Exercise: Without the pictures, set down everything in the listing exactly.

Data excerpt:

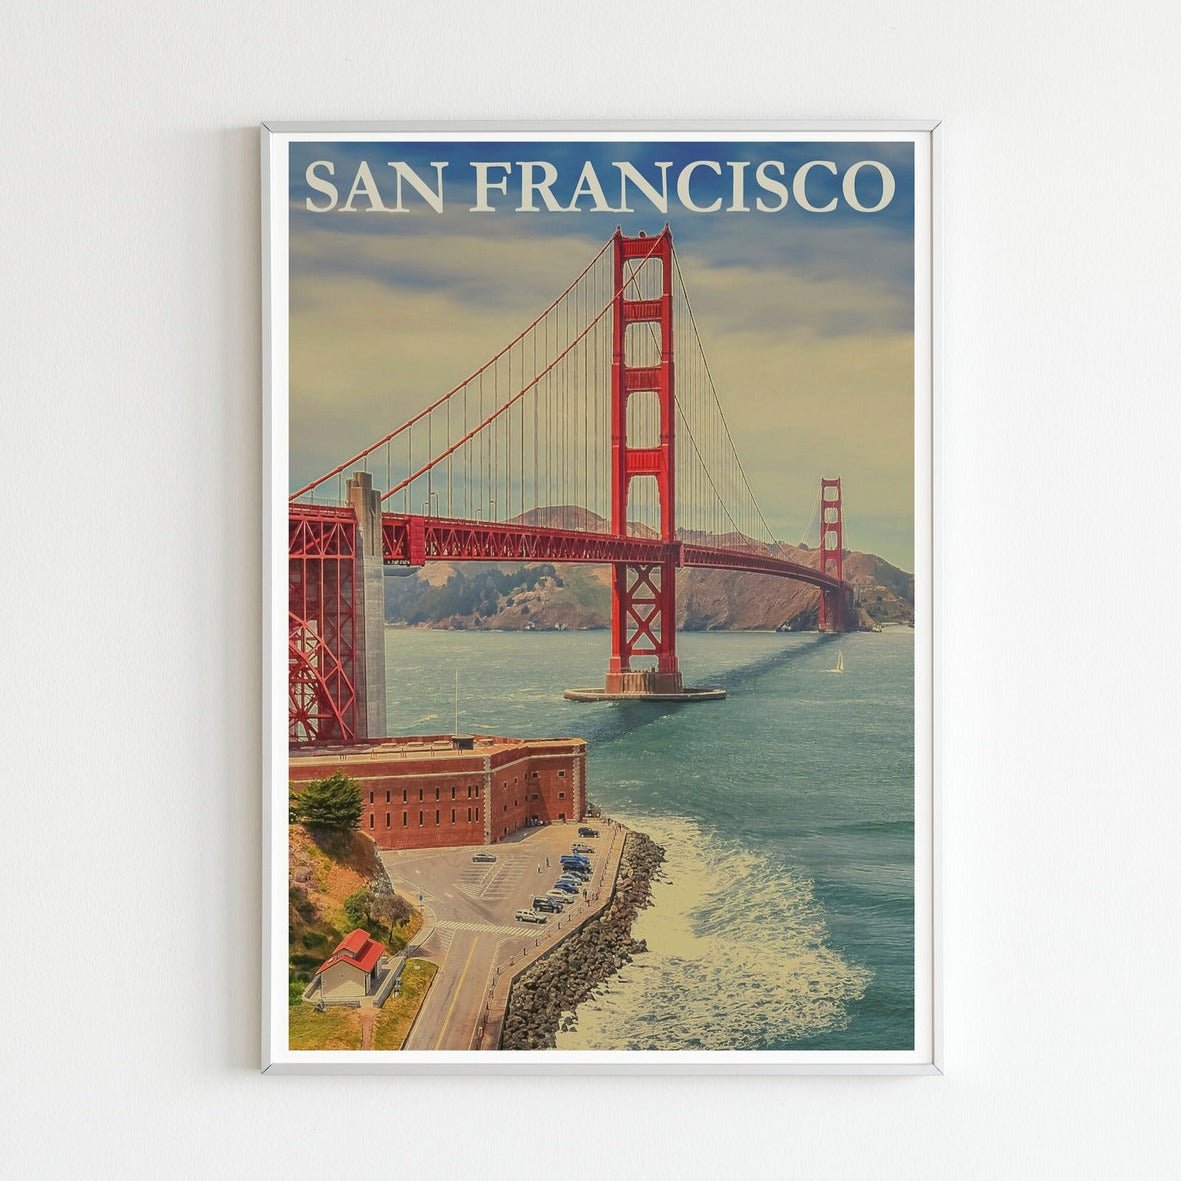 San Francisco - Affiche de voyage vintage des États-Unis
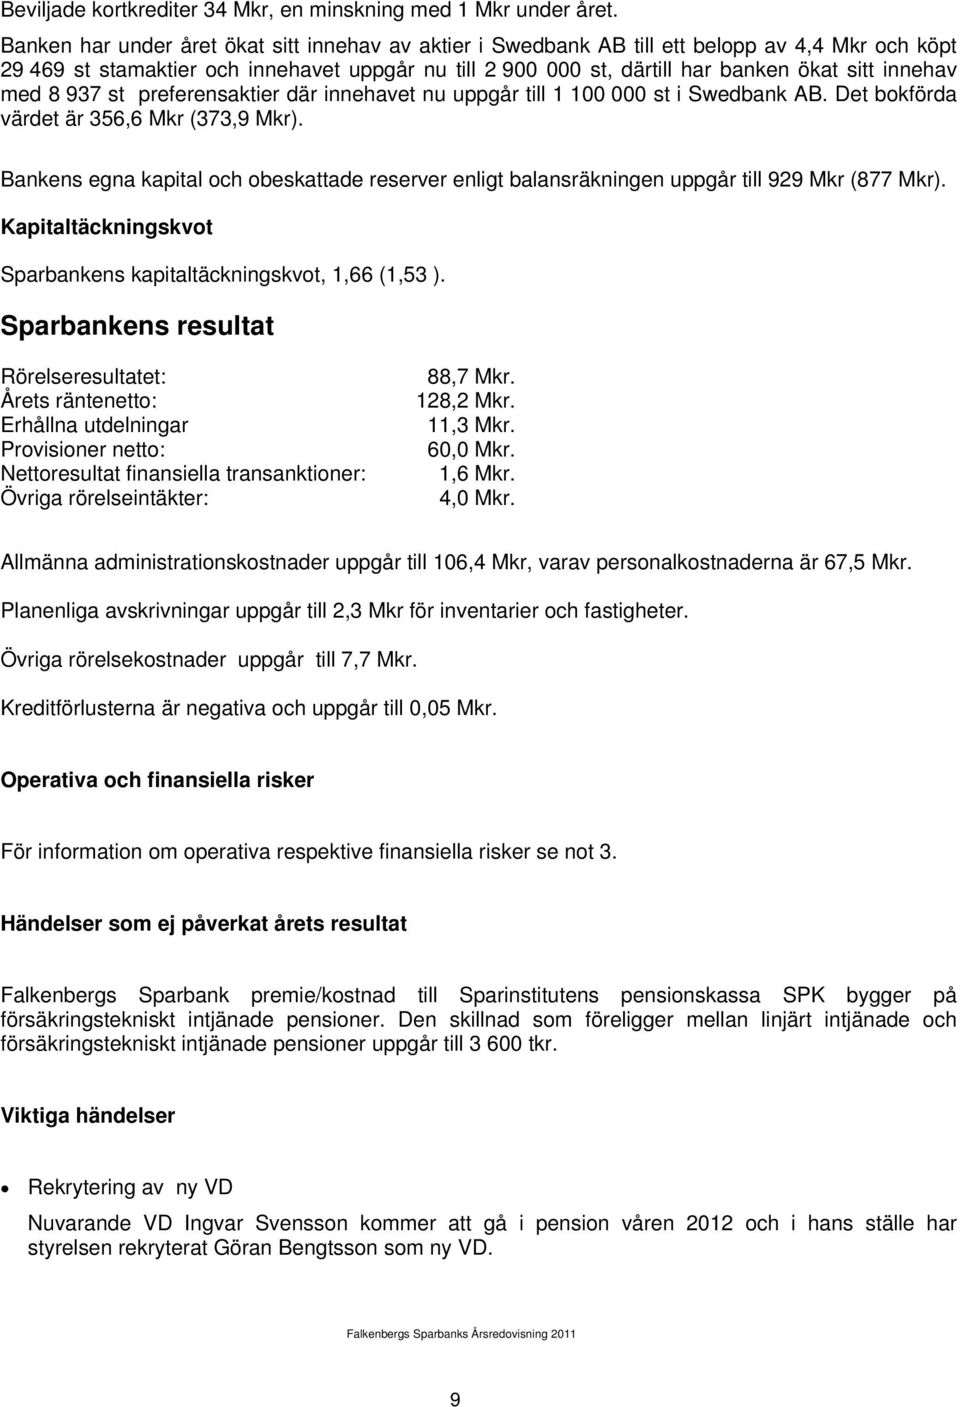 innehav med 8 937 st preferensaktier där innehavet nu uppgår till 1 100 000 st i Swedbank AB. Det bokförda värdet är 356,6 Mkr (373,9 Mkr).
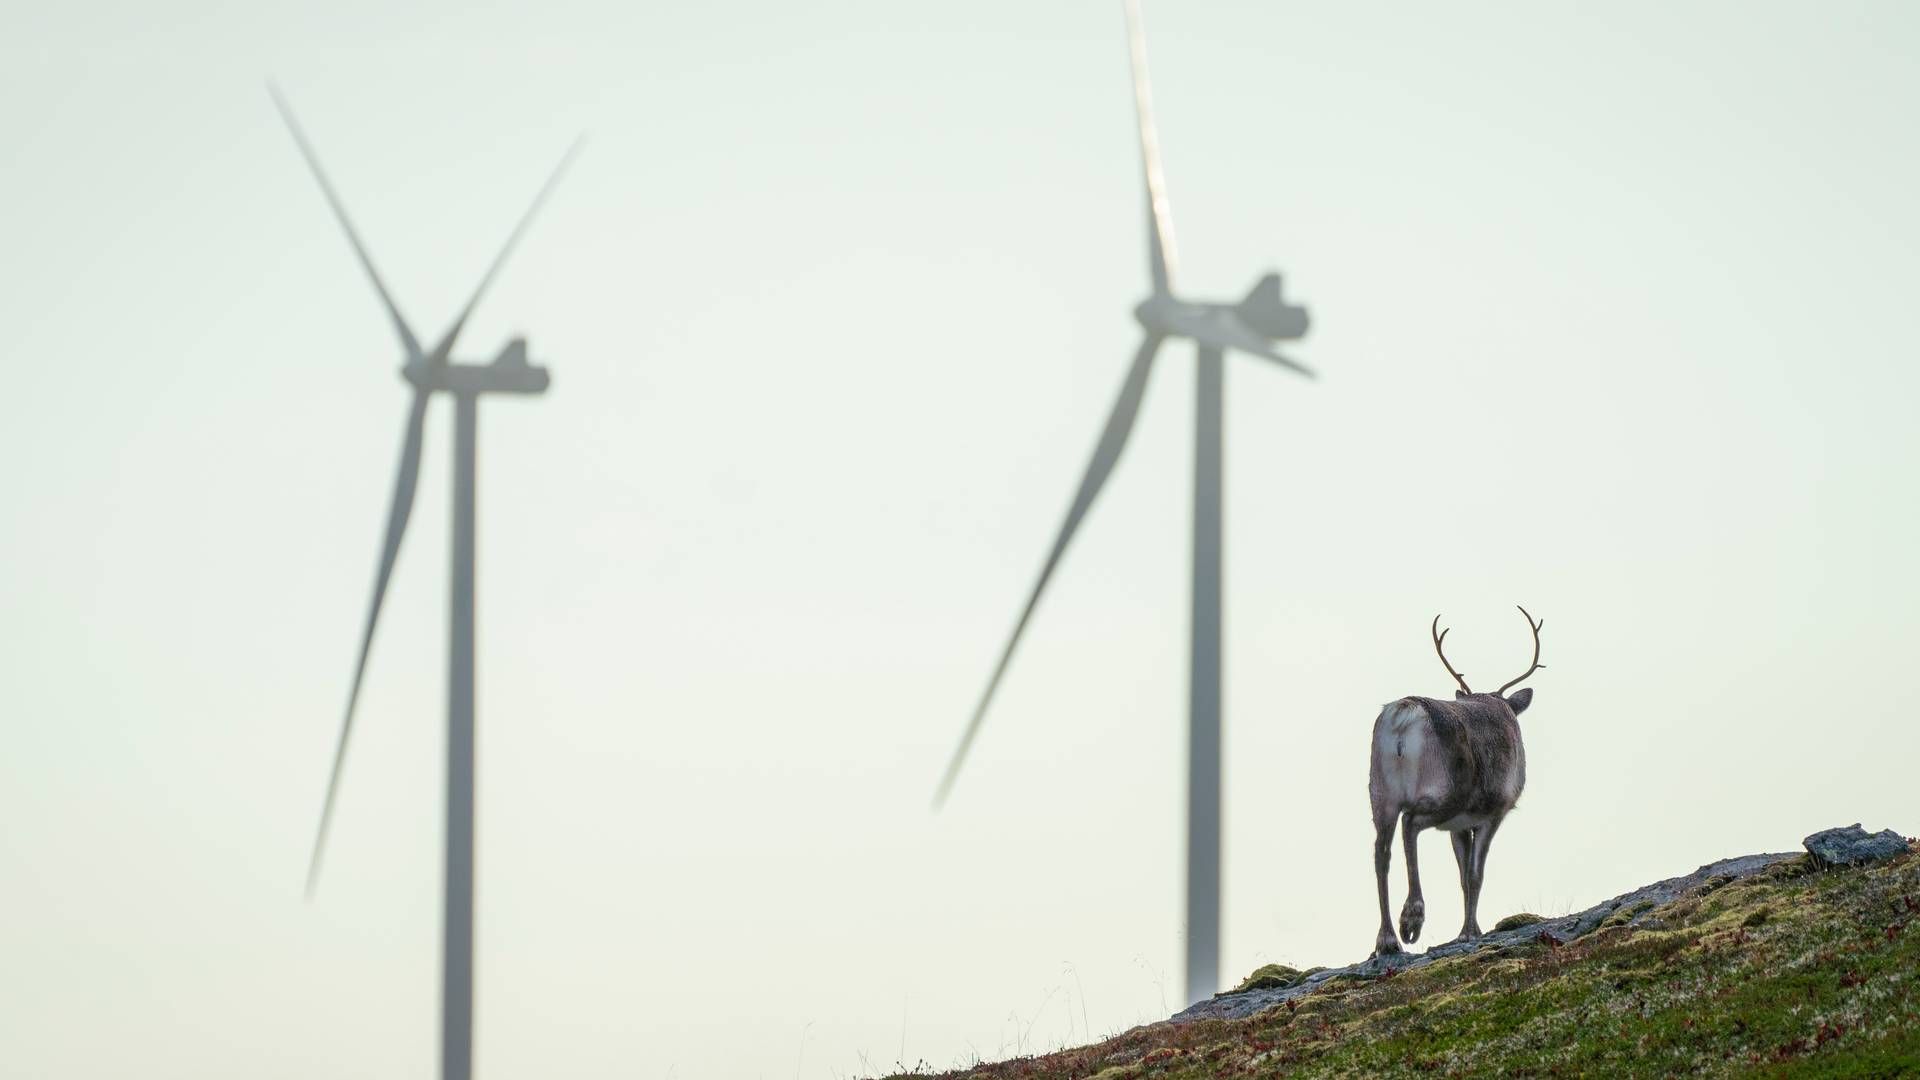 KRITISERER ENERGIKOMMISJONEN: – Mer utbygging av all energi, raskere, vil kunne føre til massiv overkjøring av samiske rettigheter. | Foto: Heiko Junge / NTB

Solved problem:
 San Francisco - Affiche de voyage vintage des États-Unis
 innehav med 8 937 st preferensaktier där innehavet nu uppgår till 1 100 000 st i Swedbank AB. Det bokförda värdet är 356,6 Mkr (373,9 Mkr).
 KRITISERER ENERGIKOMMISJONEN: – Mer utbygging av all energi, raskere, vil kunne føre til massiv overkjøring av samiske rettigheter. | Foto: Heiko Junge / NTB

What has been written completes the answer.